PBNK cytotoxicity assay was assessed with increasing NKE2 concentrations at a fixed E/T ratio of 5 for 20 hrs and target cytolysis assessed by flowcytometry. Results are shown in FIGS. 17A-17C. NKE2 dose-dependent PBNK redirected cytolysis of KMS11 and MM1S multiple myeloma cells was dependent on CD38 expression as minimal cytolysis was observed with MM1S^CD38KO cells. NKE2 WT-Fc showed slightly higher cytolysis compared NKE2 Fc mutant.

PB-NK cytolysis was determined at various concentrations of NKE2 at a fixed E/T ratio of 1 for 24 hrs and target lysis analyzed by flow cytometry. PBNK degranulation was assessed at an E/T ratio of 1 for 5 hrs and assessed by flowcytometry using an anti-CD107a antibody. Results are shown in FIG. 18A. NKE2 showed significantly higher dose dependent PB-NK cell redirected cytolysis and degranulation against multiple myeloma MM1S cells compared to Daratumumab or single CD38 and NKp46 mAb's. These results indicate that co-engagement of NKp46 and CD38 on opposing NK and MM cells by NKE2 contributes to the higher potency observed by this NK cell engager. Interestingly, the NKp46 mAb alone without a functional Fc induced peripheral blood NK cell cytolysis of the multiple myeloma cells, consistent with a prior report that NKp46 plays a key role in NK-cell mediated killing of myeloma cells.

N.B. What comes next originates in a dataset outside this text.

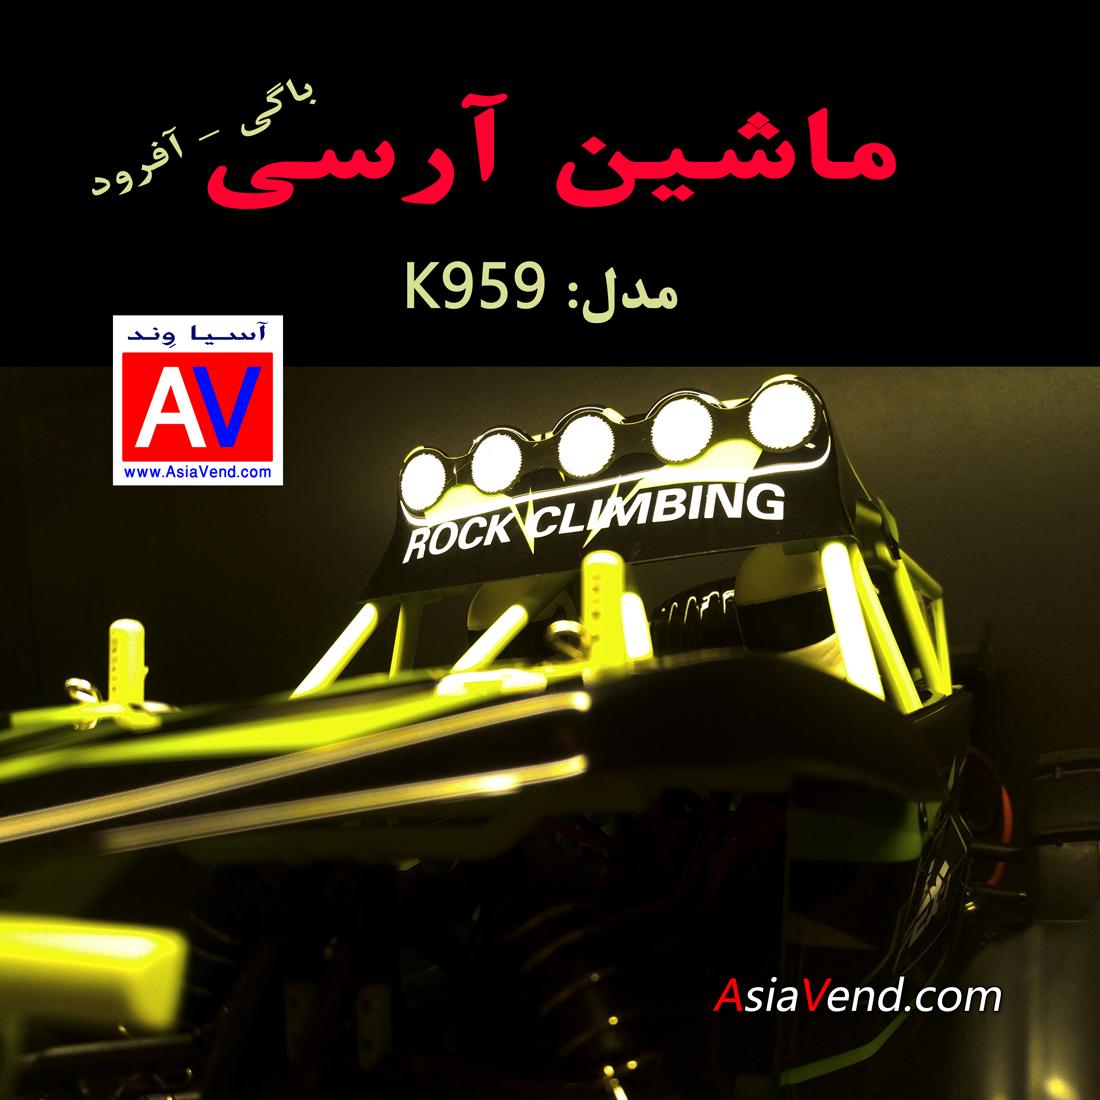 ماشین کنترلی k959 ماشین رادیو کنترلی K959
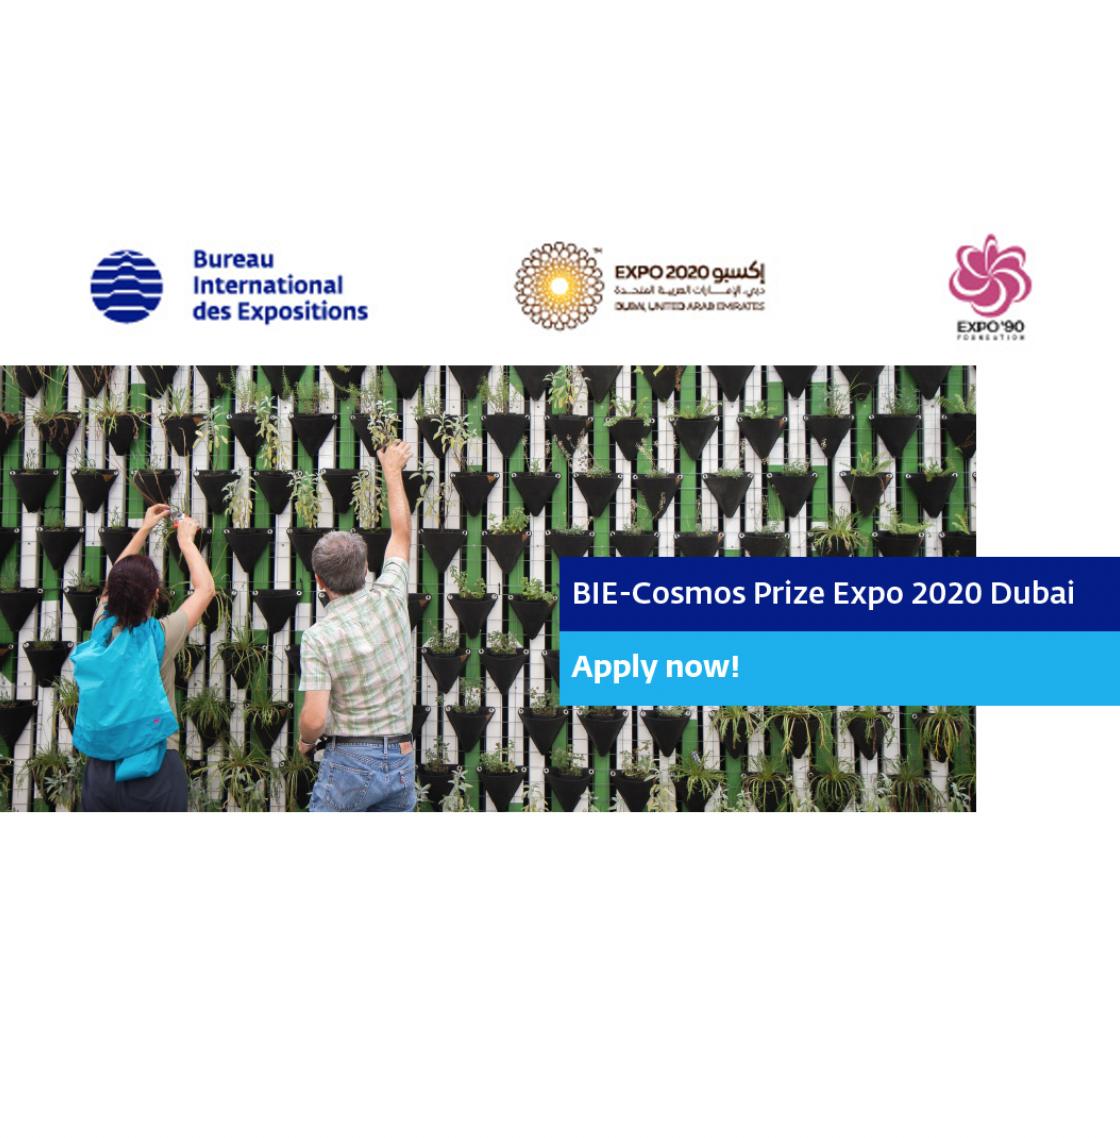 Mở đơn đăng ký tham dự Giải thưởng BIE-Cosmos, Expo 2020 Dubai

Cytokine production was assessed by intracellular staining for IFN-g and TNF-α by flowcytometry. Results are shown in FIG. 18B. NKE2 also induced higher % of IFN-g and TNF-α producing PBNK cells compared to Daratumumab and single CD38 and NKp46 mAbs following incubation with MM cells at E/T ratio of 1 for 5 hrs.

NK cell fratricide was evaluated using purified PBNK in the presence of NKE2 or daratumumab or human IgG by flow cytometry using the live dead cell dye. Results are shown in FIG. 19A. Daratumumab showed higher fratricide of PBNK cells compared to NKE2 WT and NKE2 MUT.

The effect of NKE2 on human PBMC immune cell subset depletion was evaluated following incubation with NKE2 or daratumumab or hIgG1 for 24 hrs followed by immune subset analysis by flow cytometry. Results are shown in FIG. 19B. While daratumumab showed depletion of NK cells and monocytes, minimal immune cell depletion was observed with NKE2 WT and NKE2 MUT.

The potential of NKE2 to induce cytokine release was evaluated in the human PBMC assay following incubation with NKE2 or anti-CD3 or CD28 mAbs (TGN1412) or hIgG1 for 48 hrs and supernatants tested for the presence of cytokines by multiplex ELISA assay. Results are shown in FIG. 19C. While robust cytokine release was observed with anti-CD3 and CD28 (TGN1412) mAbs, minimal cytokine release was observed with NKE2.

The results discussed in this example suggest that the CD38 NKp46 engagers have a favorable NK cell engager profile for targeting CD38 expressing multiple myeloma distinct from Daratumumab.

All publications, patents, and Accession numbers mentioned herein are hereby incorporated by reference in their entirety as if each individual publication or patent was specifically and individually indicated to be incorporated by reference.

While the invention has been described in conjunction with the detailed description thereof, the foregoing description is intended to illustrate and not limit the scope of the invention, which is defined by the scope of the appended claims. Other aspects, advantages, and modifications are within the scope of the following claims.